> [Input data]
--------------------------------

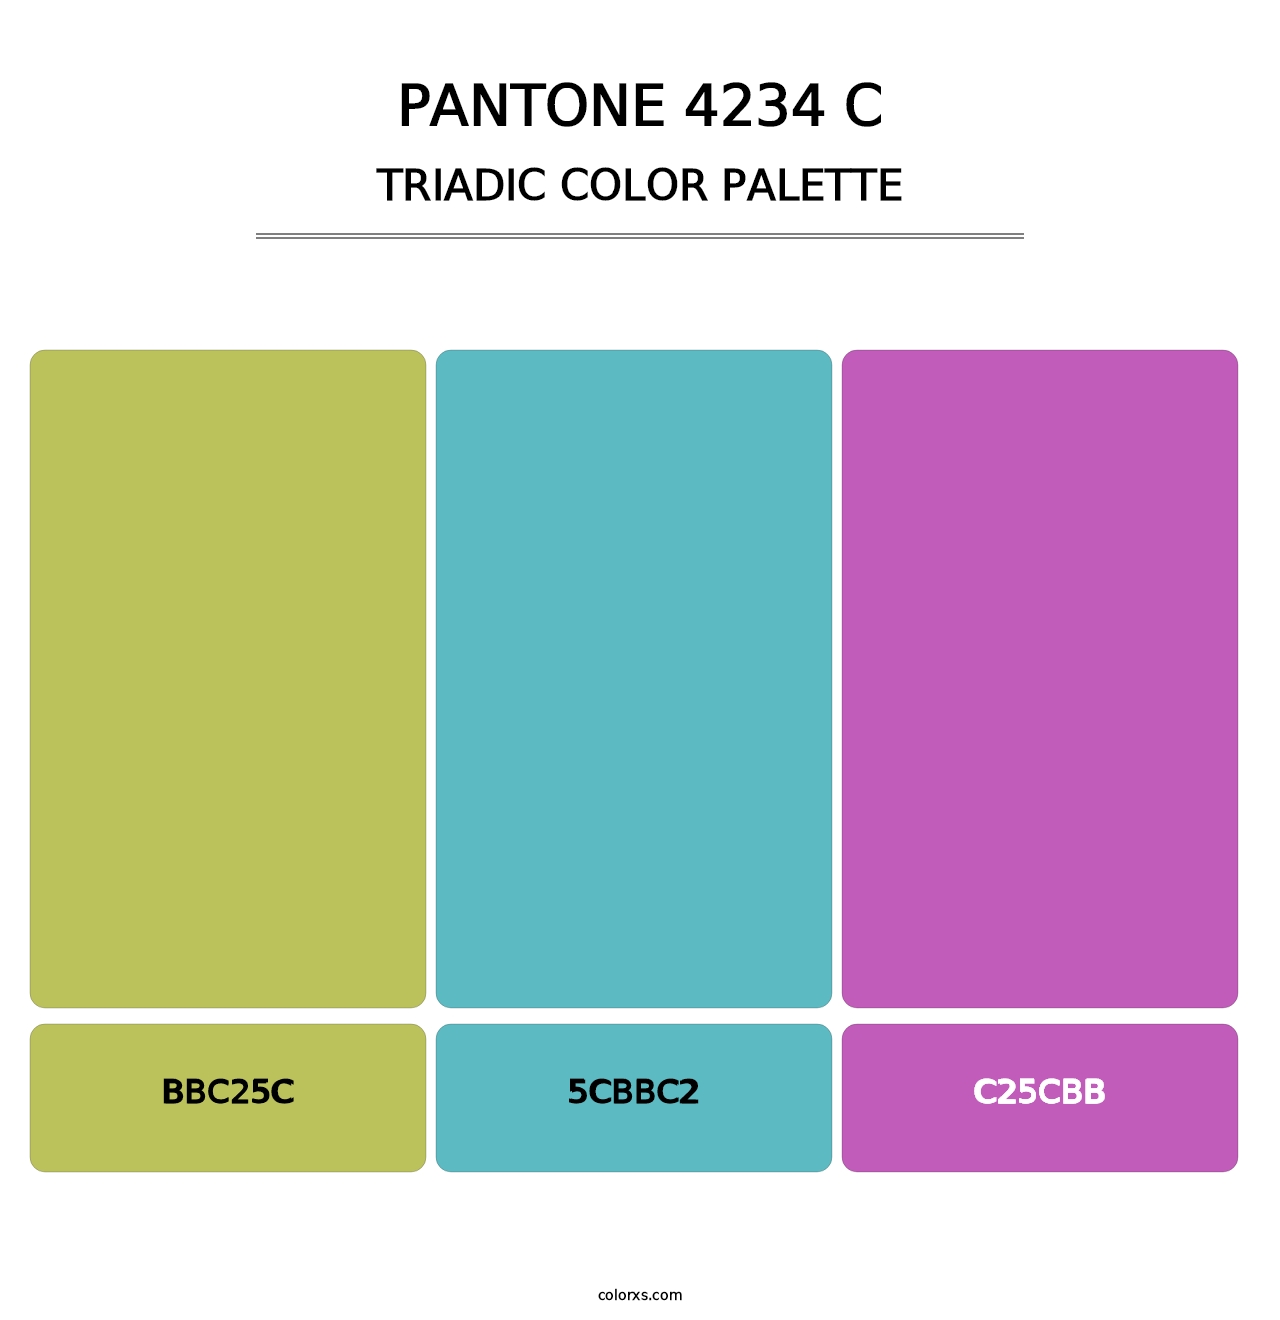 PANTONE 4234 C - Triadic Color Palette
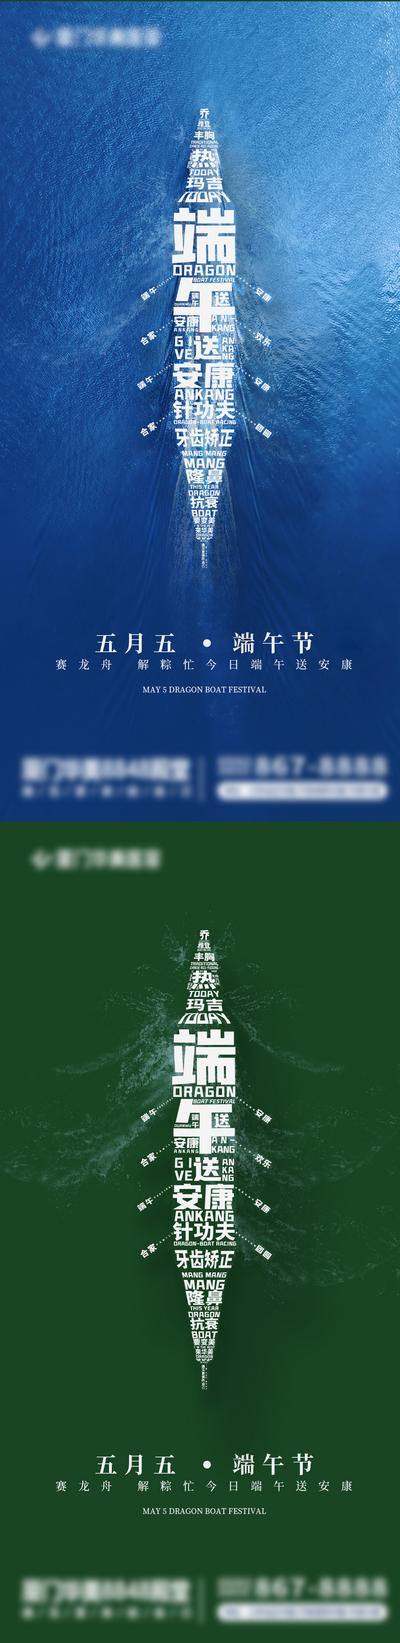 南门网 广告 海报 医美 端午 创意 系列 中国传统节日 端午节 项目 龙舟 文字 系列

--------------------------------

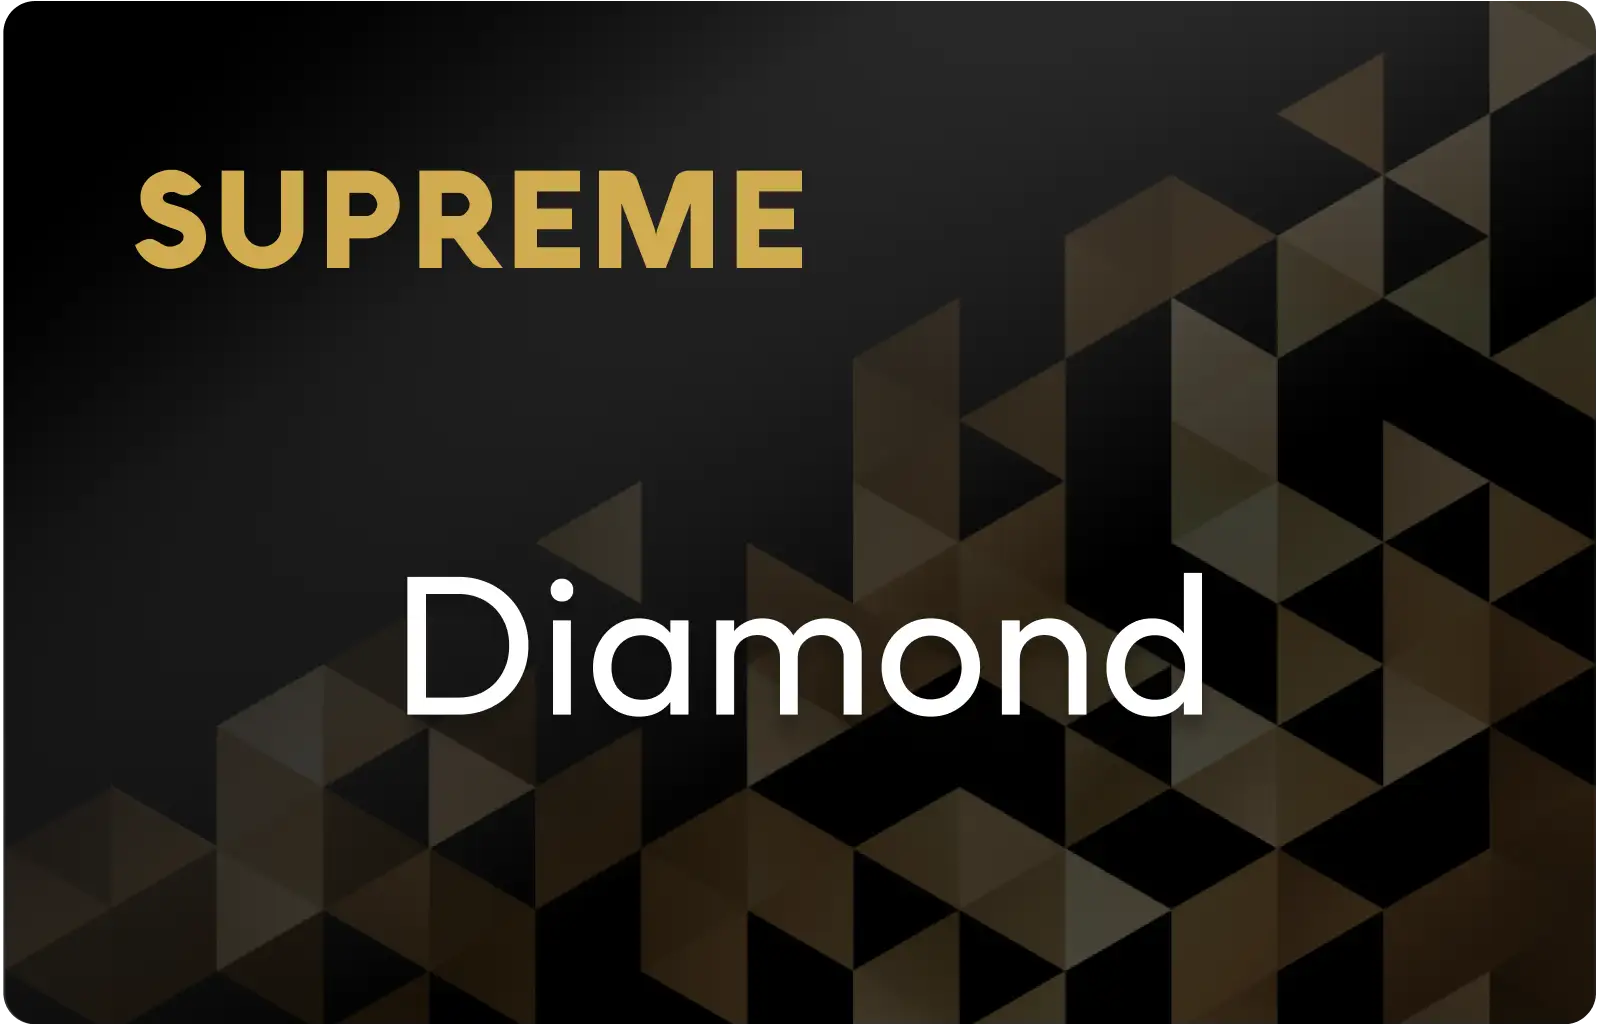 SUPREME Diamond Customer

--------------------------------

> [Exercise objective] Look through the listing above for the line with "PANTONE 4234 C - Triadic Color Palette" and the line with "南门网 广告 海报 医美 端午 创意 系列 中国传统节日 端午节 项目 龙舟 文字 系列". Write out exactly those lines and everything between, leaving out pictures.

> [Response area]
 PANTONE 4234 C - Triadic Color Palette
 南门网 广告 海报 医美 端午 创意 系列 中国传统节日 端午节 项目 龙舟 文字 系列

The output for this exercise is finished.